In fact, 2021 ended largely with red candles that bled into the new year.
What the mix of green and red candles masks however, is the momentum of the direction of prices.
Put it differently, weekly ups and downs masks the underlying trend.
The above Bitcoin chart is of the same time period and on the same weekly basis, but as you can see, there are more distinct phases of reds and greens.
These are called Heikin-Ashi candles, and while you can google for the exact formula of what it does (here), think about it as a moving average that allows us to capture where the market has been trending.
As you can see, while the prior chart had blips of green weekly candles in between, the Heikin-Ashi candles have been red for the last 9 weeks - signifying strong persistent momentum to the downside.
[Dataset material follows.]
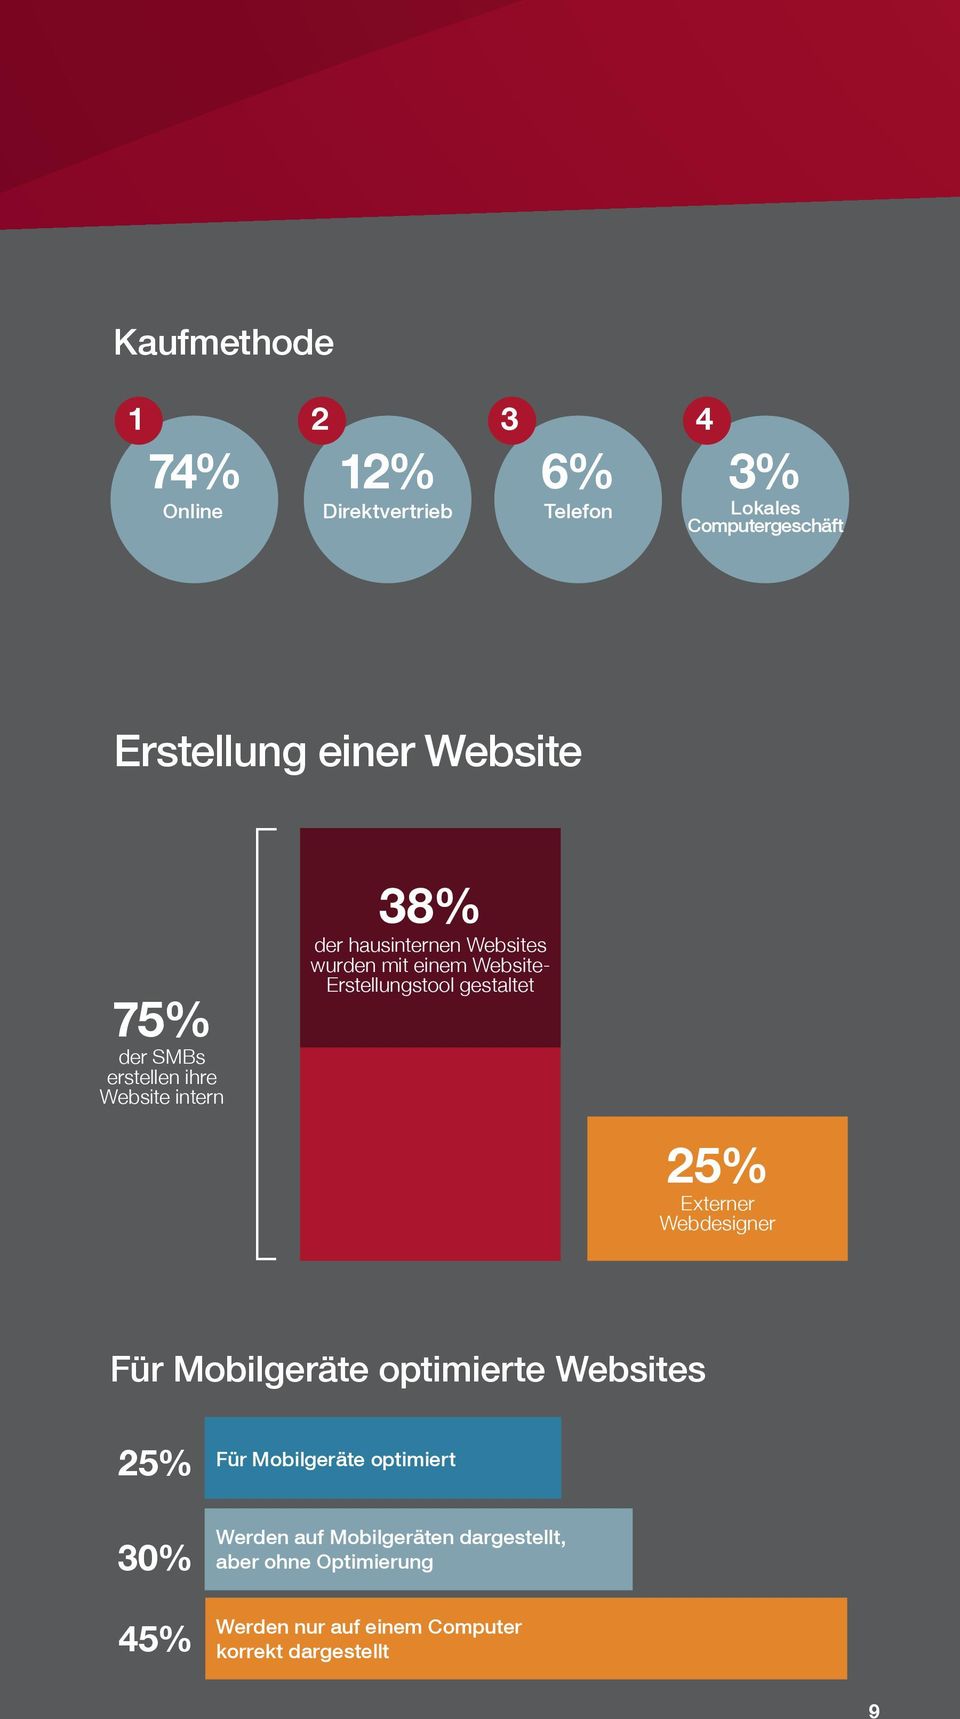 Erstellungstool gestaltet 25% Externer Webdesigner Für Mobilgeräte optimierte Websites 25% Für Mobilgeräte

When momentum is trending in a particular direction, it is very hard to stop.
On the flipside, while nobody can tell you when this downtrend will end, what we can observe on that chart is that when it turns green, the momentum can be unstoppable as well.
In general, given what we’ve been talking about in the past with regards to the exponential growth in adoption, and the burgeoning use cases for the underlying technology, my belief is that when the downtrend ends, the uptrend can be equally explosive.
I’m continuing to hold on to my existing positions as you can imagine, and we shall see if I will get any bids on my craigslist garage sale this week.
We’ll Meet Again… Some Sunny Day
Being the inquisitive one that she was, the girl I met in Colorado prodded hard as to what this “investment” was. After I highlighted my losses so far and then outlined how I’m leveraged to the hilt, she went from being shocked to aghast.
We all know how this space can be controversial sometimes, so I deflected any attempts to reveal that I was investing in crypto.
She’s clearly super smart, and by the line of her questioning, I know she already knows what this is.
We did agree, however, at the end of the night, that if we do meet each other again, I will let her in on the secret.
And when we do meet, perhaps I will read this letter to her.